I want to be careful about the caveats, because the post collapses without them. Two tasks, both well-known katas almost certainly in every model’s training set. This measures familiar-territory efficiency, not novel-problem capability. Five attempts per cell is a small sample. Only Opus 4.6 ran the full seven-language matrix; cross-language comparisons across other models aren’t supported by the data. No Gemini, Kimi, DeepSeek, or Qwen runs. Single author, single machine, manually triggered, no CI.
It still matters. It’s directional. And until somebody runs TerminalBench 2.x with language tagging, it’s the best answer I’ve found to the agentic-and-per-language question.
Verdict — different benchmarks, different winners#
McEval’s pass@1 frame says GPT-4o clears 80% on Haskell, Kotlin, Swift, Rust, CoffeeScript, Java, and Groovy. That cluster is what most “AI prefers X” claims actually mean. Wrong question for delegating real work.
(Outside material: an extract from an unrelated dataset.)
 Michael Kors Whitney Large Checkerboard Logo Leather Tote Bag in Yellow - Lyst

AutoCodeBench V2’s reasoning-variant pass@1 frame says Claude Opus 4.5 thinking leads at 91.3%, and every top-nine entry is a reasoning variant. No per-language breakdown surfaced.
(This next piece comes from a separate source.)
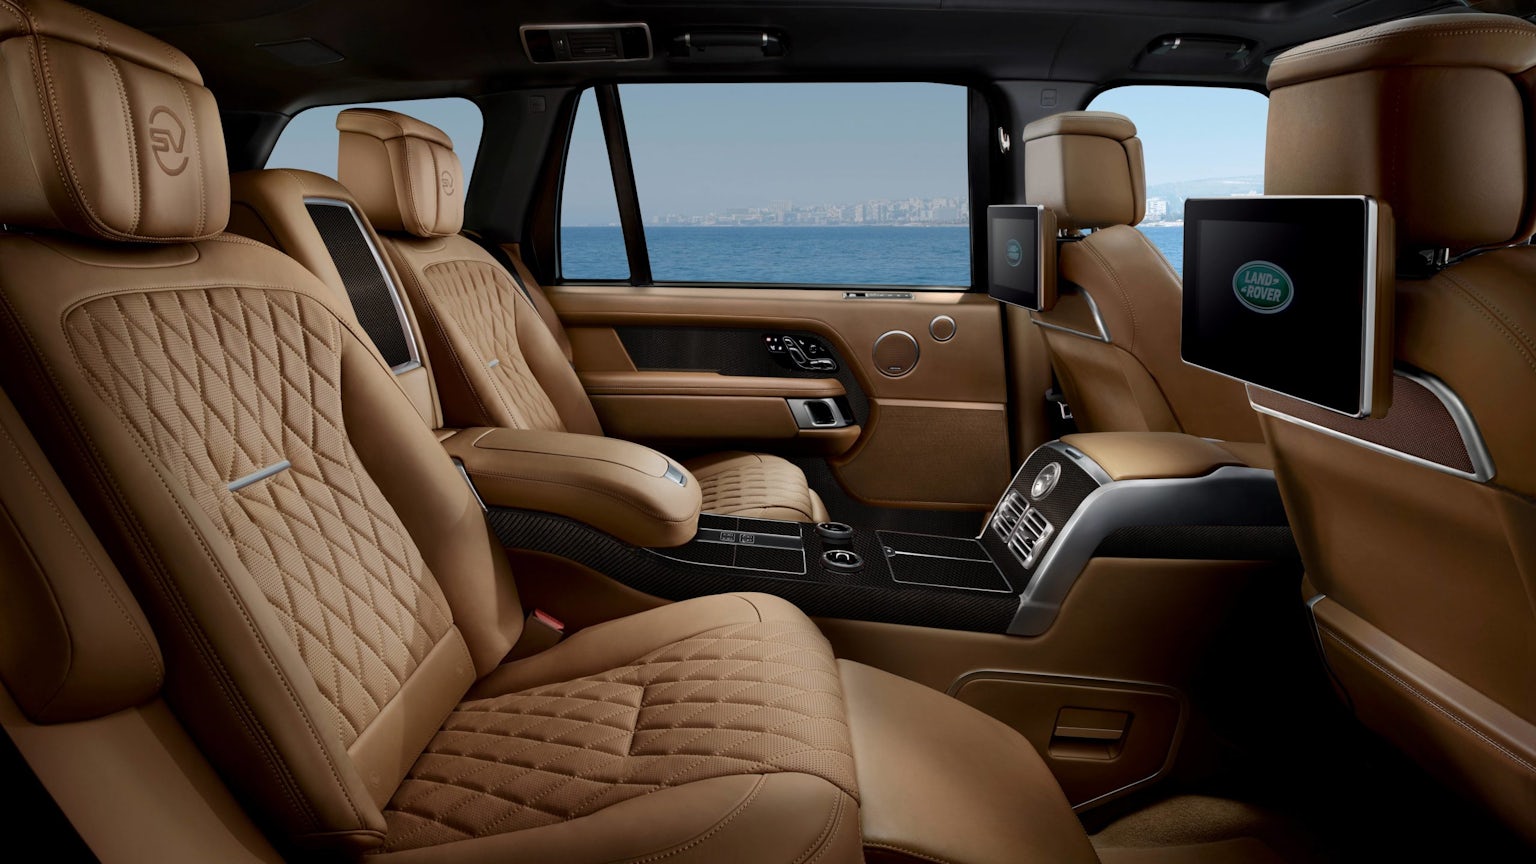 Range Rover SV Autobiography Ultimate revealed prices, specs and

TerminalBench 2.1’s agentic end-to-end frame says GPT-5.3-Codex with Codex CLI leads at 79.1% and Opus 4.6 with Claude Code lands fourth at 70.1%. Harness matters as much as model. No language breakdown.
And lang-comp’s agentic token-cost frame says TypeScript is ~23% cheaper than Rust under Opus 4.6 plus Copilot. The type system pays for itself in agent token bills.
What the four benchmarks actually say, taken together:
Bias toward TypeScript when you have the choice. It’s the best per-language agentic signal the public record currently provides, and the second-place finisher (JavaScript) gives you a fallback if TS is overkill.
Don’t pick “the best model” from a single benchmark. AutoCodeBench V2 crowns Claude; TerminalBench 2.1 crowns GPT-Codex. Pick the model whose benchmark profile matches the workflow shape you’re actually running.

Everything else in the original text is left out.